Moreno Fraginals describe, con datos elocuentes, el
auge violento del azúcar en los años siguientes a la ocupación británica. El
monopolio comercial español había saltado, de hecho, en pedazos; habían quedado
deshechos además los frenos al ingreso de esclavos.El ingenio absorbía todo,
hombres y tierras.
Los obreros del astillero y la fundición y los
innumerables pequeños artesanos, cuyo aporte hubiera resultado fundamental para
el desarrollo de las industrias, se marchaban a los ingenios; los pequeños
campesinos que cultivaban tabaco en las vegas o frutas en las huertas, víctimas
del bestial arrasamiento de las tierras por los cañaverales, se incorporaban
también a la producción de azúcar.

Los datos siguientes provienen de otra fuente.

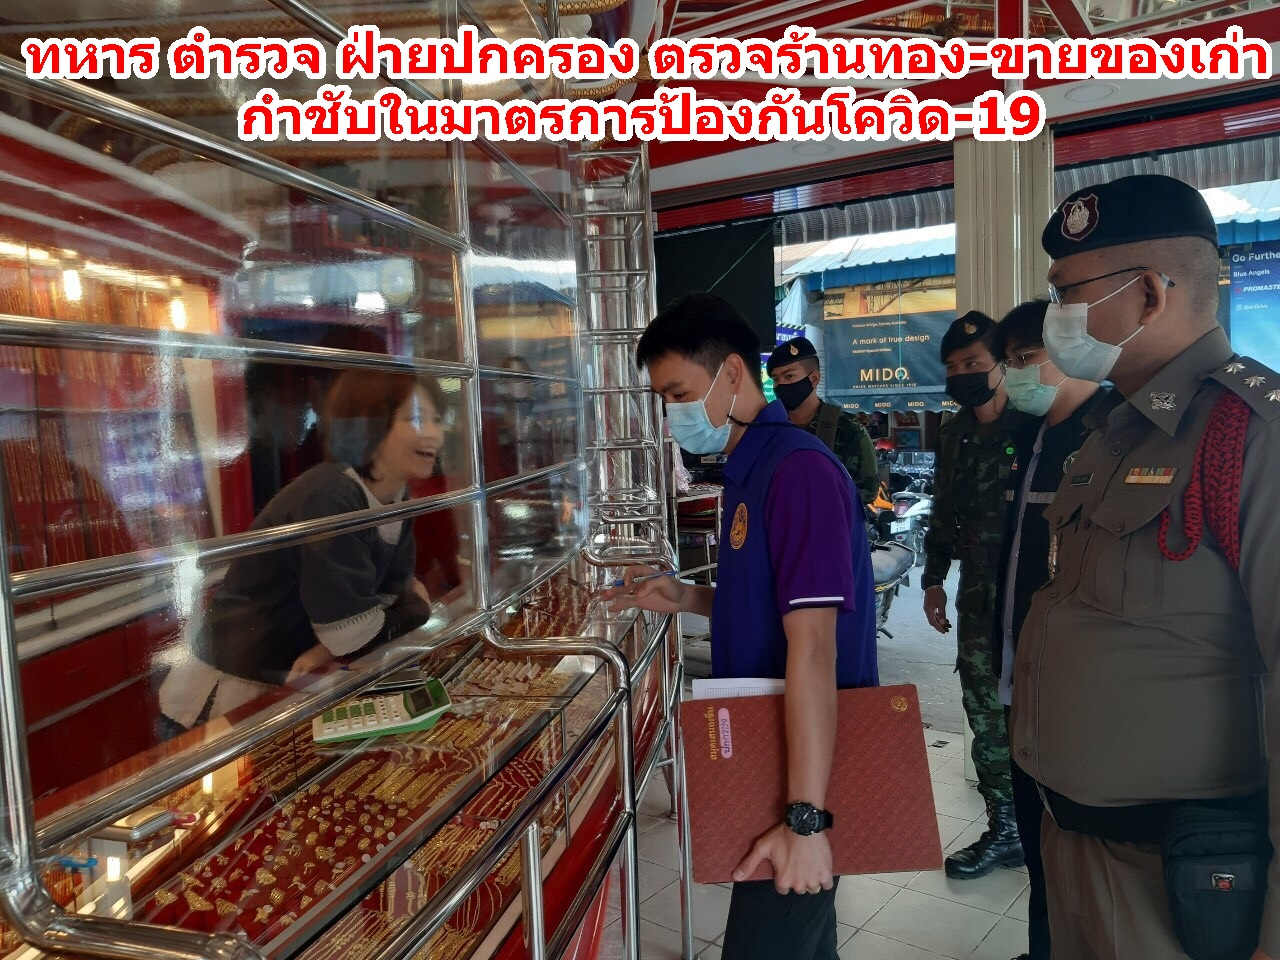 ทหาร ตำรวจ ฝ่ายปกครองแม่สาย ตรวจร้านทอง-ขายของเก่า กำชับในมาตรการป้องกันโควิด-19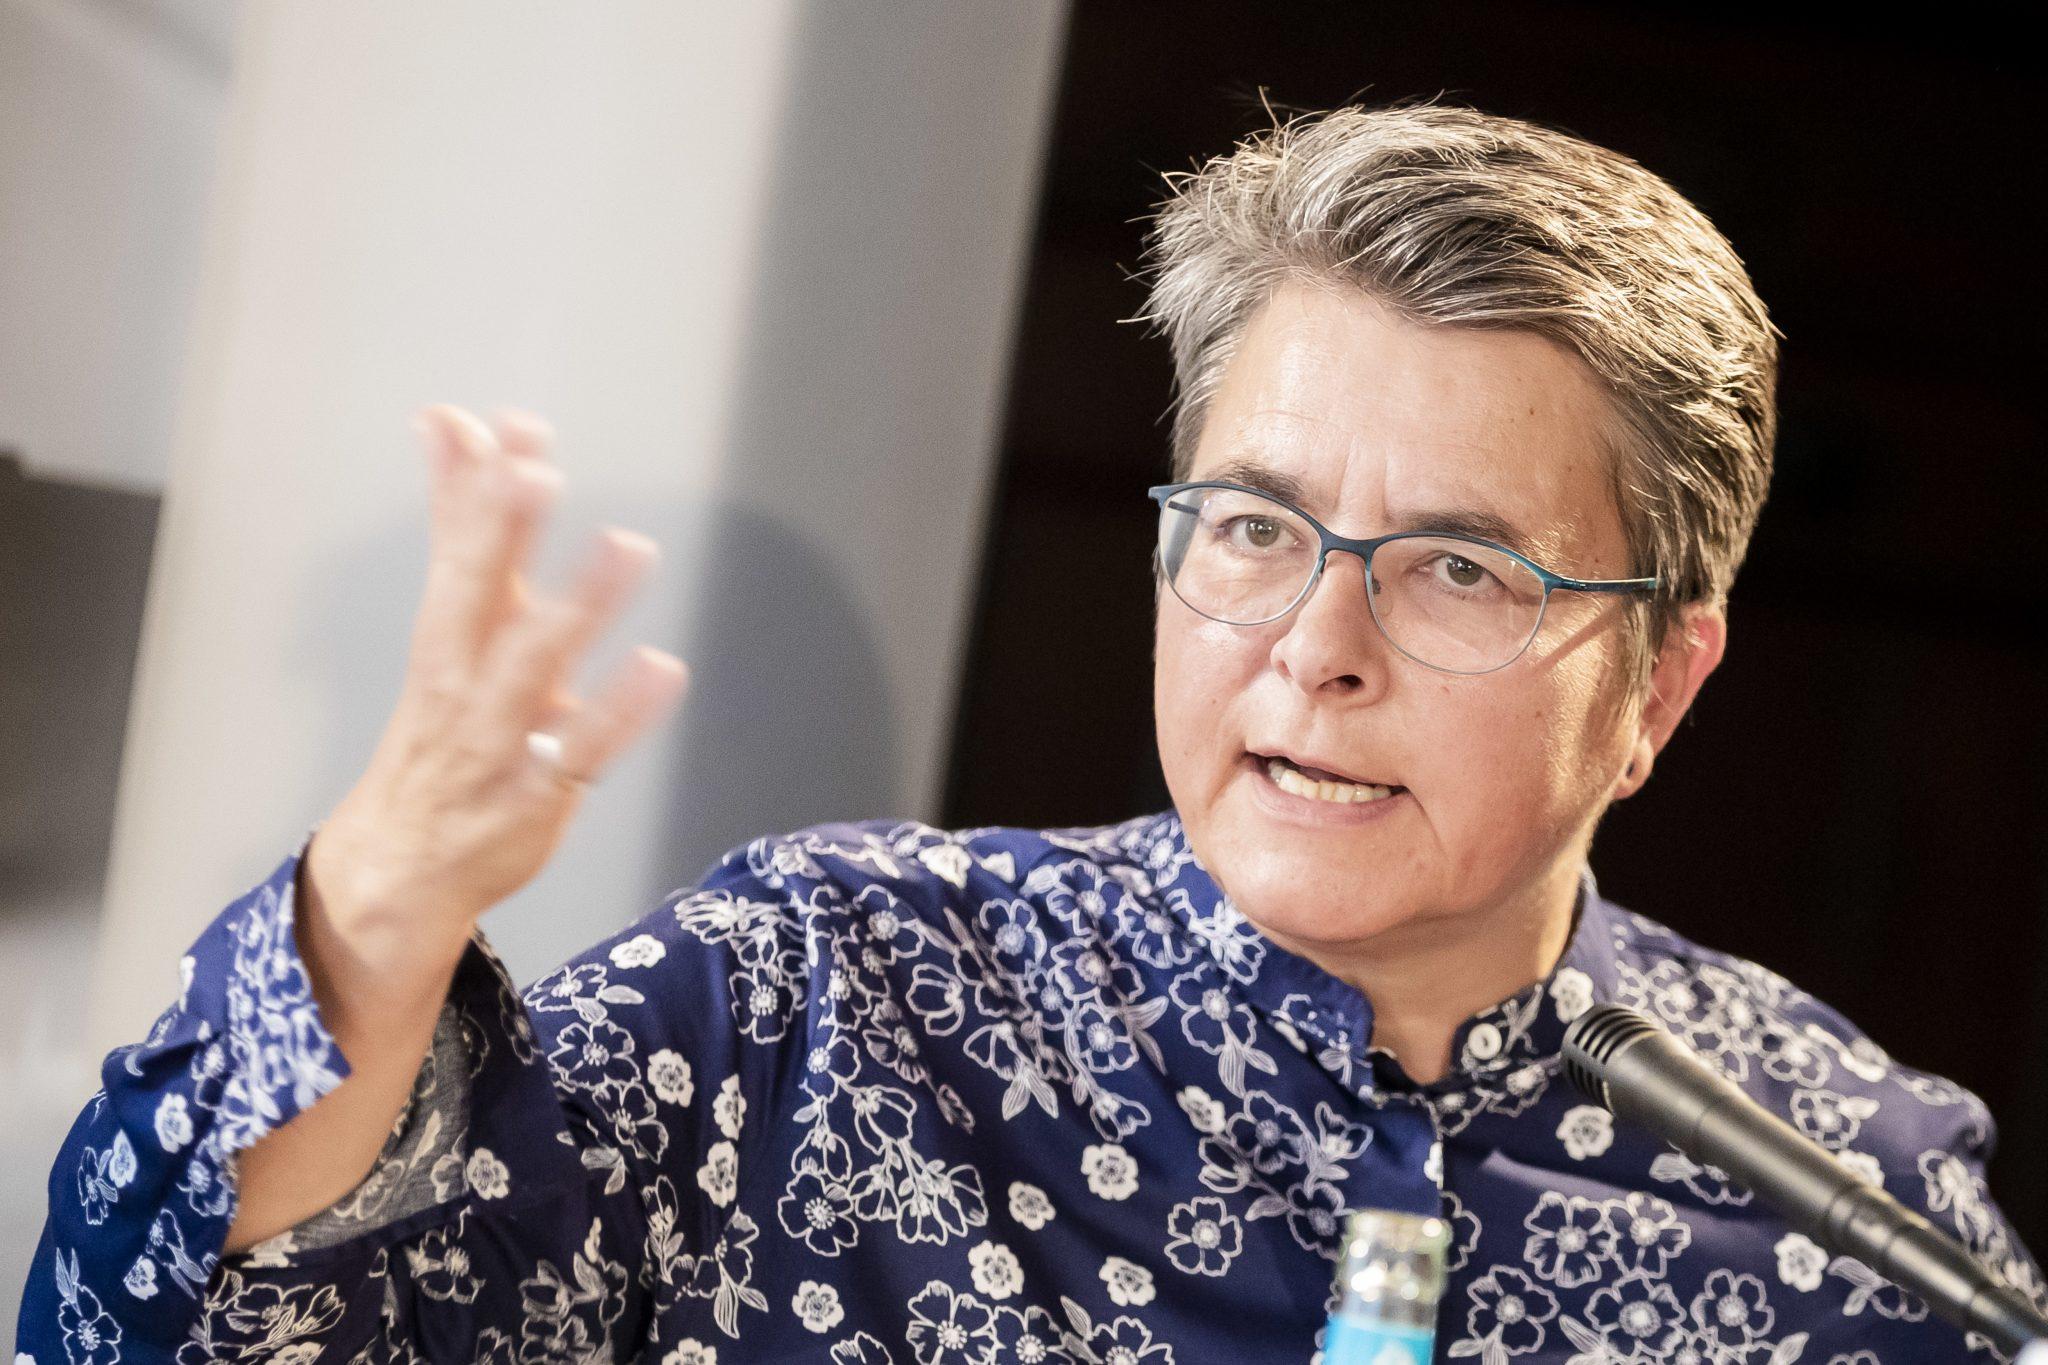 Die Bezirksbürgermeisterin von Friedrichshain-Kreuzberg, Monika Herrmann (Grüne), fordert mehr Polizeipräsenz Foto: picture alliance/Christoph Soeder/dpa

La plantación extensiva iba reduciendo la
fertilidad de los suelos; se multiplicaban en los campos cubanos las torres de
los ingenios y cada ingenio requería cada vez más tierras. El fuego devoraba
las vegas tabacales y los bosques y arrasaba las pasturas. En 1792, el tasajo,
que pocos años antes era un artículo cubano de exportación, llegaba ya en
grandes cantidades del extranjero, y Cuba continuaría importándolo en lo sucesivo[1].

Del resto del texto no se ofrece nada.